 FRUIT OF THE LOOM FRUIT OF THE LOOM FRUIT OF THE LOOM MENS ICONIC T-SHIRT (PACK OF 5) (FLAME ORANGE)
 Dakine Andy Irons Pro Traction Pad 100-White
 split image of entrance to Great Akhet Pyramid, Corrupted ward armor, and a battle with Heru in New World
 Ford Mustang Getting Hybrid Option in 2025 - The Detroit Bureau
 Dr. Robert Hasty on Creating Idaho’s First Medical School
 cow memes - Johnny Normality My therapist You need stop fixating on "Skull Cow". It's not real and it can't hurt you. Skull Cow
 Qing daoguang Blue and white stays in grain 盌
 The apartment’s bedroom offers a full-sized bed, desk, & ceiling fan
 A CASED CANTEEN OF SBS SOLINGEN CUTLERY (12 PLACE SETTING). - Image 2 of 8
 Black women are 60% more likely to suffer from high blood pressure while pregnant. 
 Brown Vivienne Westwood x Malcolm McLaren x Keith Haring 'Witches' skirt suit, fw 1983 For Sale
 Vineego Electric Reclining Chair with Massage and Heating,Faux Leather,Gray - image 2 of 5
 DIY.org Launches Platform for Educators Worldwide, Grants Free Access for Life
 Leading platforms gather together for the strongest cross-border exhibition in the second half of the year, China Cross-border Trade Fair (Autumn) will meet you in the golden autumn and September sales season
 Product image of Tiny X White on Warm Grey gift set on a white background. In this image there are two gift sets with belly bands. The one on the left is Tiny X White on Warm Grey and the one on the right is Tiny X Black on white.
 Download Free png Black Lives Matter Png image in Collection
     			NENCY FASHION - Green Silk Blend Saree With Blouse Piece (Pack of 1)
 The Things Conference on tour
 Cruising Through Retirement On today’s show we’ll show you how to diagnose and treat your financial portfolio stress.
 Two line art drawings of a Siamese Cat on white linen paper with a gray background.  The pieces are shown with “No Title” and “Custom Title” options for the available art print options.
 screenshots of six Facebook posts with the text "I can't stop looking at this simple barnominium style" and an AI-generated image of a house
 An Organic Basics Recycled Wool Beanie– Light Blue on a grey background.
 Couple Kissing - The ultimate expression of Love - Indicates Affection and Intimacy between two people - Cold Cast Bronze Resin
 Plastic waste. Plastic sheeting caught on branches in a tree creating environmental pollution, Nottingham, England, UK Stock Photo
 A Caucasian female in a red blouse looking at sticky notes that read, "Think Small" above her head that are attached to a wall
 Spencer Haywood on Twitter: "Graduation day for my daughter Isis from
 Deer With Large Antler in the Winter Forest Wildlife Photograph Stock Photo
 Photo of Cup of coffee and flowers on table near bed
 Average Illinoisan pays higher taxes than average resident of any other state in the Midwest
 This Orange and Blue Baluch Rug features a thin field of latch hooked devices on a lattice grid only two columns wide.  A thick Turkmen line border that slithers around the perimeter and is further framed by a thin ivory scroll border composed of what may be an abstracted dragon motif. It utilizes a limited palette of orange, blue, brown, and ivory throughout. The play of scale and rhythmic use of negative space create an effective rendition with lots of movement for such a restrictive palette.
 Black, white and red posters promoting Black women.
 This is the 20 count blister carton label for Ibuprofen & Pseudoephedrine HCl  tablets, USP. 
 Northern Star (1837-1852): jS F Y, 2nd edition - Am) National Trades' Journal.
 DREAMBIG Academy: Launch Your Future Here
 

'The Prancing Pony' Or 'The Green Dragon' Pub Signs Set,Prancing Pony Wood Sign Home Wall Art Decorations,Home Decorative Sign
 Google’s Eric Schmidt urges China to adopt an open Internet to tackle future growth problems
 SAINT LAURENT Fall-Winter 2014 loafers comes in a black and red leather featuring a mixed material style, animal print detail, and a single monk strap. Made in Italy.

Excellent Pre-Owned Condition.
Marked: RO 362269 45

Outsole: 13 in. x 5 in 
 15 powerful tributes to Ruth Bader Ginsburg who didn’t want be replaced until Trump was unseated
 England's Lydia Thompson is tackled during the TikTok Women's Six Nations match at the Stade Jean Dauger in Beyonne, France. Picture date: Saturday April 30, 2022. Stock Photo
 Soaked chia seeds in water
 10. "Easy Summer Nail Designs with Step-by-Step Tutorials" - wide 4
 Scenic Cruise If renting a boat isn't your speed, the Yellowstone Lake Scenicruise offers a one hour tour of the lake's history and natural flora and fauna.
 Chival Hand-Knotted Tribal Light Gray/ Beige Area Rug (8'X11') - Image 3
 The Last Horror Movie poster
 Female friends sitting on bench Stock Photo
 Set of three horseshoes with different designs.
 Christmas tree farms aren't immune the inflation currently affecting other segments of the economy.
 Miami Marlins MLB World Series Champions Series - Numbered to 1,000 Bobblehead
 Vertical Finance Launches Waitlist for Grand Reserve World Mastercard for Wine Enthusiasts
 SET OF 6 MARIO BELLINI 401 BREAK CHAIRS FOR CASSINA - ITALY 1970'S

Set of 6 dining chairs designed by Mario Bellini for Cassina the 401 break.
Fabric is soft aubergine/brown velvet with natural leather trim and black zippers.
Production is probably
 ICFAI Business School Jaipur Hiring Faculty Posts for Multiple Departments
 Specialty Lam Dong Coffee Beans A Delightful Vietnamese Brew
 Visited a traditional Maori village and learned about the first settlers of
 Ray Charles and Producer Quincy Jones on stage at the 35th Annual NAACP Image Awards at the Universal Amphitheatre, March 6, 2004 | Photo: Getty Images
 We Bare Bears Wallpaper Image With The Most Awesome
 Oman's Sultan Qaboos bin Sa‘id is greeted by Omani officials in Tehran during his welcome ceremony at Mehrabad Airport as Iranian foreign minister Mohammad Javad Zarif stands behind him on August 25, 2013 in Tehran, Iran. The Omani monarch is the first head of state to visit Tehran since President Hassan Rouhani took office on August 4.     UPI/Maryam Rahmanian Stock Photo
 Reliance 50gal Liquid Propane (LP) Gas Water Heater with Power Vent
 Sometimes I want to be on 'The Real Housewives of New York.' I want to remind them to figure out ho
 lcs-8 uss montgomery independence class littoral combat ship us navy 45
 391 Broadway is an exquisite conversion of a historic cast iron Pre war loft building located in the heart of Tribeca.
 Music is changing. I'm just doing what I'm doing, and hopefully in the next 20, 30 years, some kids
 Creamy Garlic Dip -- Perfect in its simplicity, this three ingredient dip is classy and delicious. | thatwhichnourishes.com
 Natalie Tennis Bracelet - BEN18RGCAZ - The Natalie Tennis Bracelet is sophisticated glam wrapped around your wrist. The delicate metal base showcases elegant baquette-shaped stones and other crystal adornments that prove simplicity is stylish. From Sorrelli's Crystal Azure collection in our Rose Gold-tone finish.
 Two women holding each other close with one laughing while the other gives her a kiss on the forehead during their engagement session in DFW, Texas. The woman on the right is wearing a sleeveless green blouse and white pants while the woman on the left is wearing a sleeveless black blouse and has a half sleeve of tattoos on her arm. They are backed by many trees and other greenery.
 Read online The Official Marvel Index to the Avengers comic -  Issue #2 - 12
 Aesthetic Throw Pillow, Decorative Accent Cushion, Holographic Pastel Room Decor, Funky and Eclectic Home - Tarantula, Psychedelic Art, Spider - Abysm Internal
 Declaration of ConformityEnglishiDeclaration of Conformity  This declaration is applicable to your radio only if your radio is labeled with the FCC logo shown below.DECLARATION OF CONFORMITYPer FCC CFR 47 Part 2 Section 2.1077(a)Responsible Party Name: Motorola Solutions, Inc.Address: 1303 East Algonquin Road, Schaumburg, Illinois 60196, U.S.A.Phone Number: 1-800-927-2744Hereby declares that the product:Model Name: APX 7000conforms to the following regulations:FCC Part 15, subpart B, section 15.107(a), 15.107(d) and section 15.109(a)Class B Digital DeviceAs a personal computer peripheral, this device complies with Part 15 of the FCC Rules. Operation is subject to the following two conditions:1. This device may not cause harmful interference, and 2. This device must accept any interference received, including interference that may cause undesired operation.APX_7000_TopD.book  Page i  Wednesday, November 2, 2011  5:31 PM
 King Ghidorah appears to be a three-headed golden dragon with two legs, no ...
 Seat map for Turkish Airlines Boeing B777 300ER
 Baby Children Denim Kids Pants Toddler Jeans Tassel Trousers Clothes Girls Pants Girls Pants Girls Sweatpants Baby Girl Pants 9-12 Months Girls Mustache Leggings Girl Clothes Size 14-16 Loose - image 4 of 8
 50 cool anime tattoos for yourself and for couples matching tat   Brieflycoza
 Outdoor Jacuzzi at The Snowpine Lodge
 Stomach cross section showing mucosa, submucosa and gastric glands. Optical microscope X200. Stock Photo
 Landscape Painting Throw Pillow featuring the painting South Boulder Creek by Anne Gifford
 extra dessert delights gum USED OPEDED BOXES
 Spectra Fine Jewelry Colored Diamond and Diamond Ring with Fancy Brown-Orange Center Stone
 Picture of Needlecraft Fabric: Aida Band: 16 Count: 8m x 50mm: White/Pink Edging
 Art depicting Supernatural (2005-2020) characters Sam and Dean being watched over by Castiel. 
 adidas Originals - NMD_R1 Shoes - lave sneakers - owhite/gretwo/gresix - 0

◇ ◇ ◇ ◇ ◇

> TASK DIRECTIONS
Only the lines above starting at the line that holds "Download Free png" and ending at the line that holds "The Things Conference on tour" are to be repeated, exactly and in full.

> ANSWER
 Download Free png Black Lives Matter Png image in Collection
     			NENCY FASHION - Green Silk Blend Saree With Blouse Piece (Pack of 1)
 The Things Conference on tour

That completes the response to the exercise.